And I'd gotten through three, three countries Algeria, Egypt and yeah, and Bosnia. And and then the the Arab world exploded with the uprisings of 2011. So I dropped that whole project. But I started thinking about all these places where we lived, and I found it pretty interesting. And the rediscovering it that way. There's a book there. Well, well, you know, I introduced you as coauthors, but I don't want to sell short your sons.
Yes. You know, the book says the Ottawa family is the authors of David, Eric and Robyn. How did you come up with the division of labor of who wrote what? Well, it's interesting because we you know, when we write the books together, usually we edit each other's, you know, we divide it up and then we added each other that work.
But then we discovered that on a memoir that you cannot edit the that because it is a memoir, it's what you remember. And so so we decided to write it as two separate voices. As you have noticed, when you are on the same on each country, we have my take and we have David speak. And then we started thinking, not too.
Why not asking kids to do the same thing? Yeah. Yeah. How it affected them. Sure, sure. And we'll get into that a little more. But I'm also wondering, you know, you talk about you can edit someone's memoir because that's their memory. I can't tell you how many times I've been at a family gathering where I'm in an argument with a brother or sister or someone about the details of what we both think we remember accurately.
So who was the editor in chief was there? Now, if we did that, are some of these kids know? But there are some discrepancies in the book. When our memory is different. We left them as two different you know, we left the discrepancy rather than trying to get into, you know, am I right or wrong? You write them because what you remember is what you remember.

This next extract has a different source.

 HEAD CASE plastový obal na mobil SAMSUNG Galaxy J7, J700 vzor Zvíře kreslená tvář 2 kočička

Yeah. So in the Amazon write up says it reflects on the strange normalcy of daily life in the midst of coup d'etat and revolutions. And we were talking about this a little bit before we began recording. When you're living your life, it's just your life, right? You don't wake up every day thinking, Wow, this is extraordinary. And that's why both children said that they lived perfectly normal childhoods, which they did not.

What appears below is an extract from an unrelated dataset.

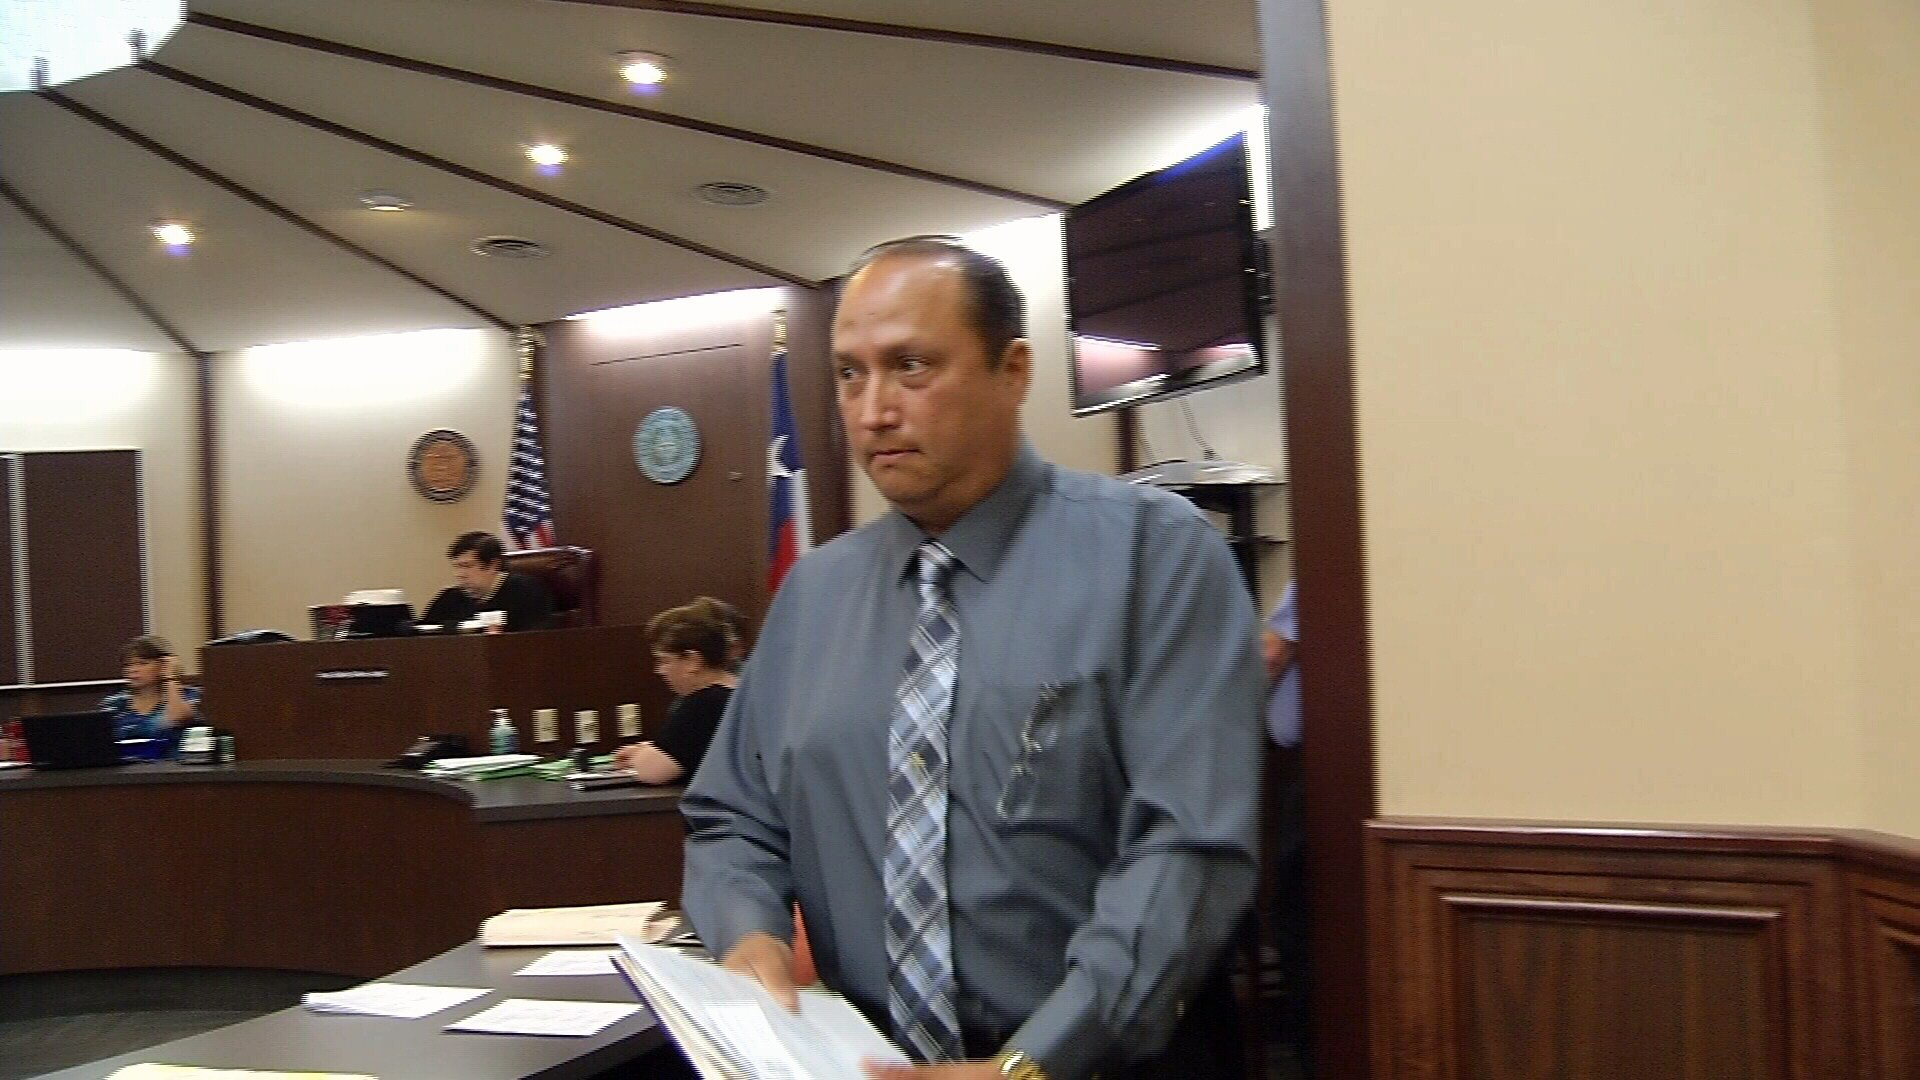 Rodrigo Hinojosa has served 2 and a half years of his 10 year probation sentence.

Nothing normal about this. But they chose their perception because it was the only childhood they knew. It also speaks to how adaptive kids are, doesn't it? Yeah. Yeah. I mean, so more from Amazon. The memoir brings to light how various family members process the same events in different ways with children remembering normal and happy childhood, although their parents remember extremely challenging living conditions.
So how worried were you when you were raising these kids and moving around to these various spots, some of which were in the midst of violent uprisings? What was daily life like? Did you live with the constant sense of danger or it become normal for you as well? No, no. You know, things are never as bad when you are living through them, except in extreme cases.
Yeah. But it's worse if you are outside the country reading about it. I mean, Sadat was assassinated and David was there. But the fact is that after Assad was assassinated, not Sadat was assassinated. Life went on perfectly normal in Egypt. The next day people went to work. Yeah. Yeah. Not they did not go to work because they declared that everything.
They shouted everything down. But they went out to the promenading along the banks of the Nile because the sun was out. Another thing that the book illustrates is how much life has changed on the technological level. boy. And David, could you talk a bit about your experience as a correspondent filing stories in some of these environments? Took a lot of time doing their work.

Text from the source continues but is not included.